Julian Dimock Collection
/
American Museum of Natural History
The Ah-Tah-Thi-Ki Seminole Indian Museum on the Big Cypress Seminole Reservation in Florida has a new exhibit that gives patrons a rare glimpse into the past.
Taken by photographer Julian Dimock during a 1910 expedition across the undrained and untamed landscape of tropical wetlands and cypress hammocks of southern Florida, the photos show everyday activities and portraits of the Seminole people he encountered.
At the time, Florida was the final frontier for settlers and explorers — there were no roads to take through the alligator-, snake- and mosquito-infested wetlands. Dimock and his party waded and canoed their way for miles through the back country. They hoped to photograph Seminole subjects who, only 50 years earlier, had been fighting a guerrilla war against the U.S. government — and had never surrendered.

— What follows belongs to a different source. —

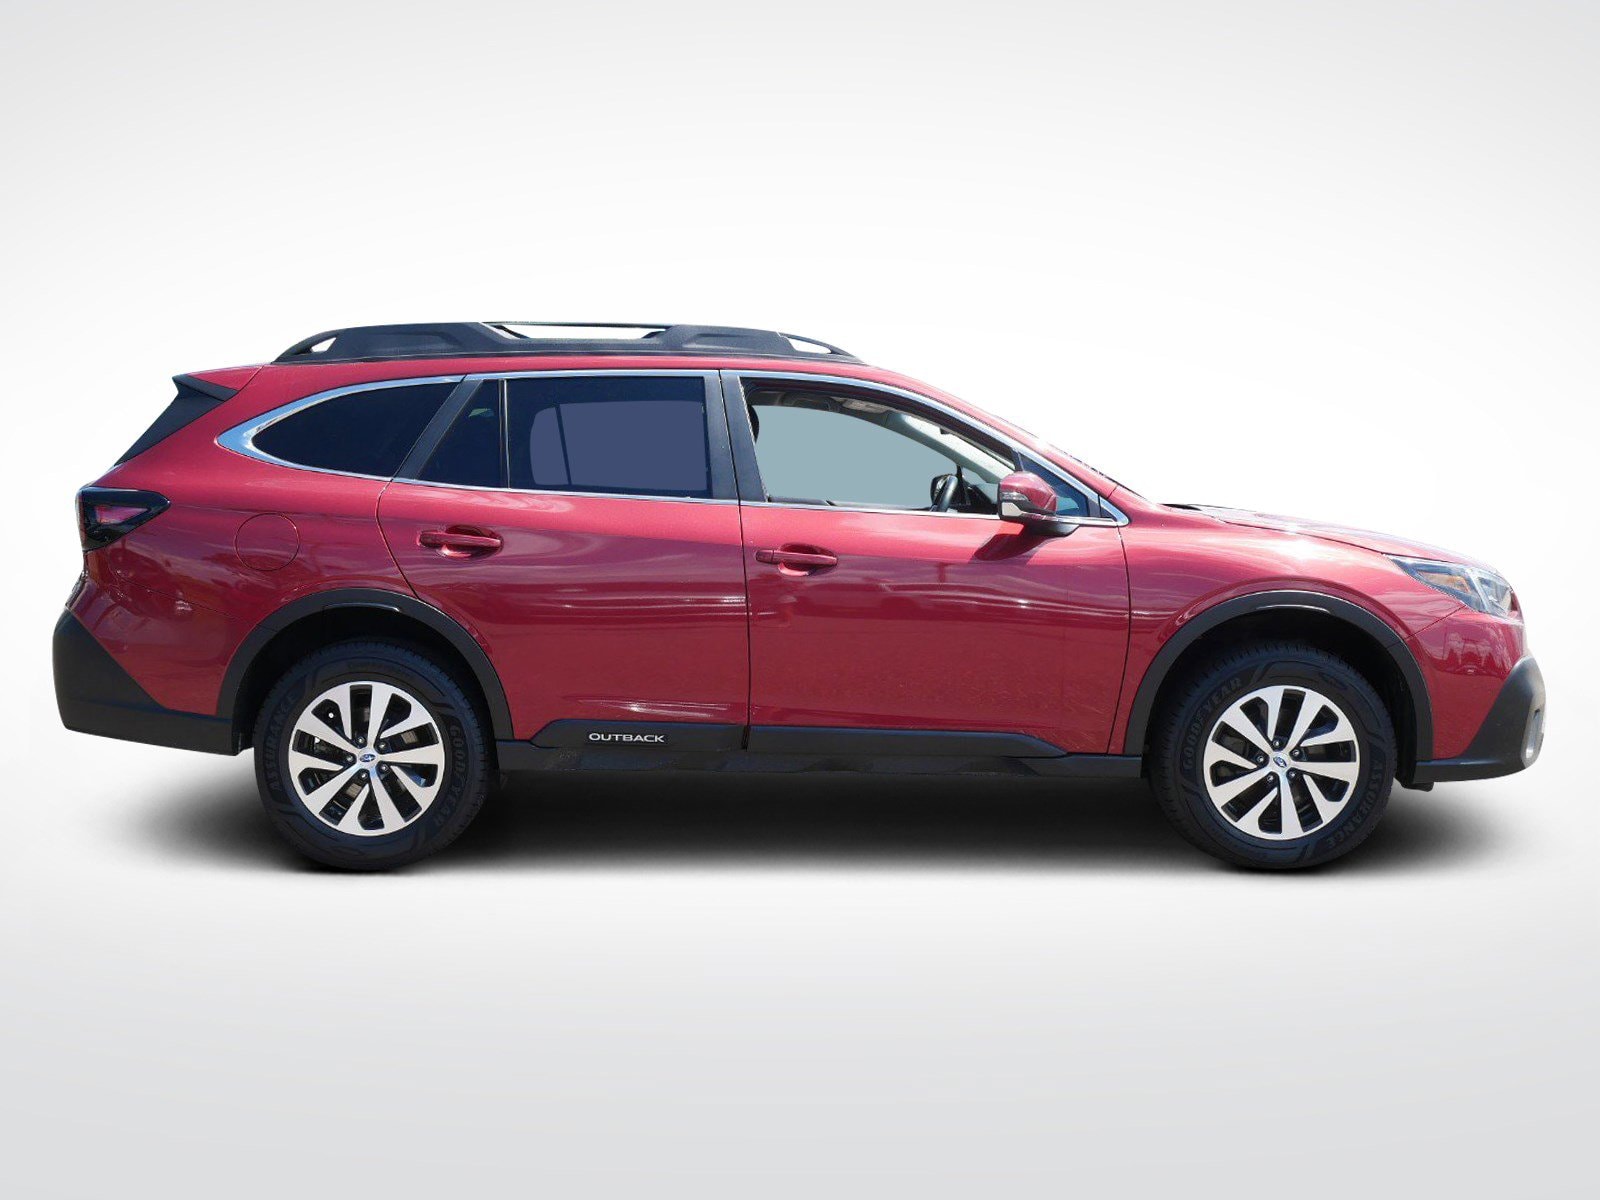 Used 2020 Subaru Outback Premium with VIN 4S4BTACC4L3121334 for sale in Baxter, Minnesota
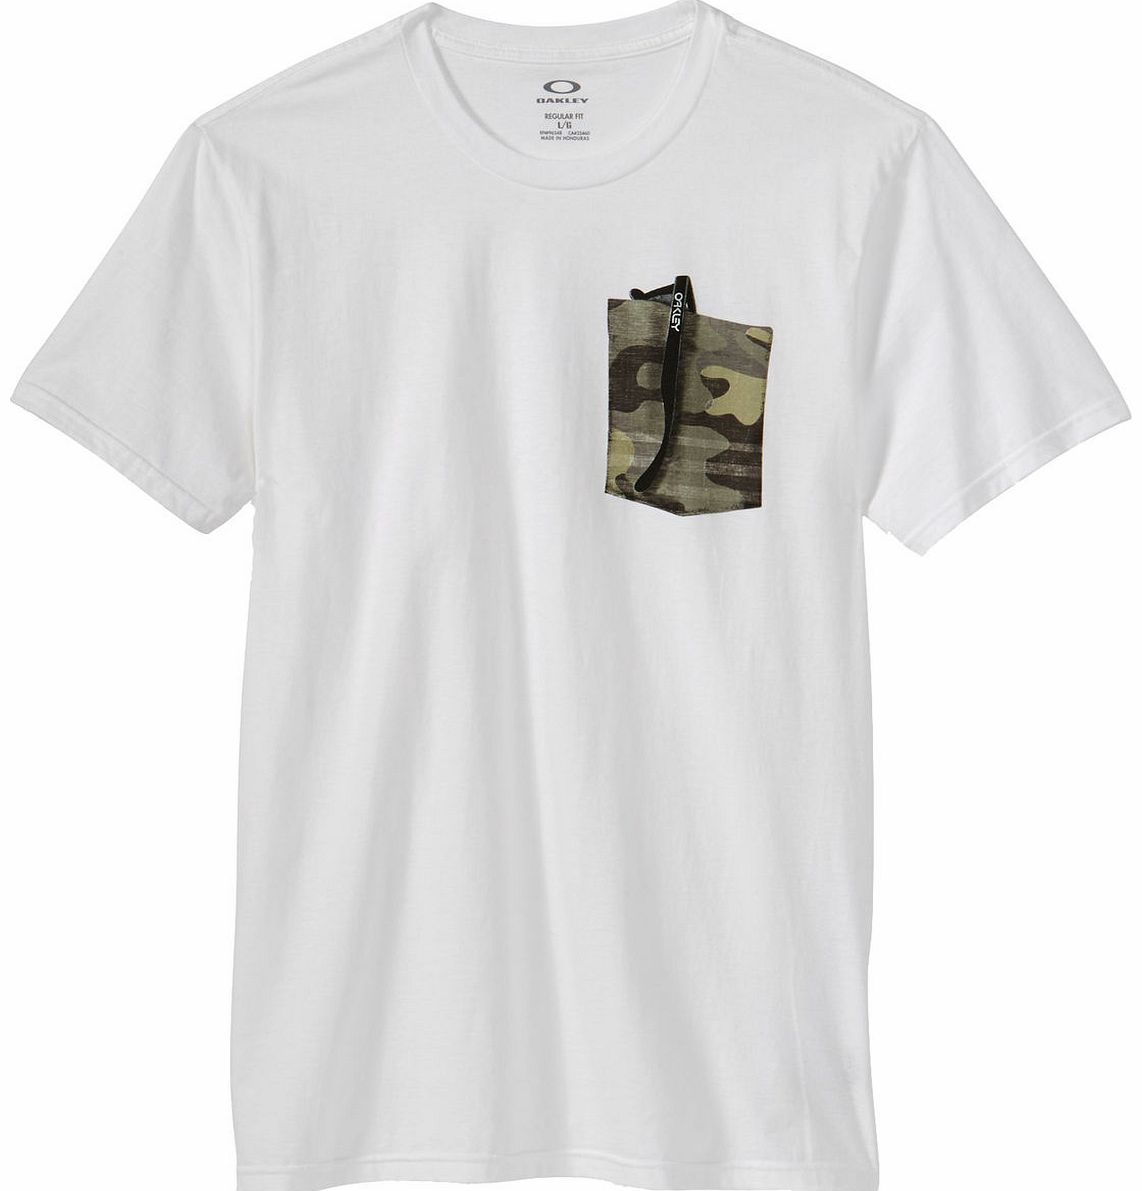 Oakley Shades In A Pocket Tee T-shirts

In addition to the topological challenges, Dimock also had to lug heavy photography equipment, including a big box camera and glass lantern slides for negatives. Anytime he wanted a shot, he had to hop out of the dugout canoe and set up. Then he had to get his glass slides all the way back to New York in one piece.
Dimock's photos sat in storage at the American Museum of Natural History for nearly a century before they were rediscovered. Now, descendents may finally see the faces of their Seminole ancestors, and view their everyday lives.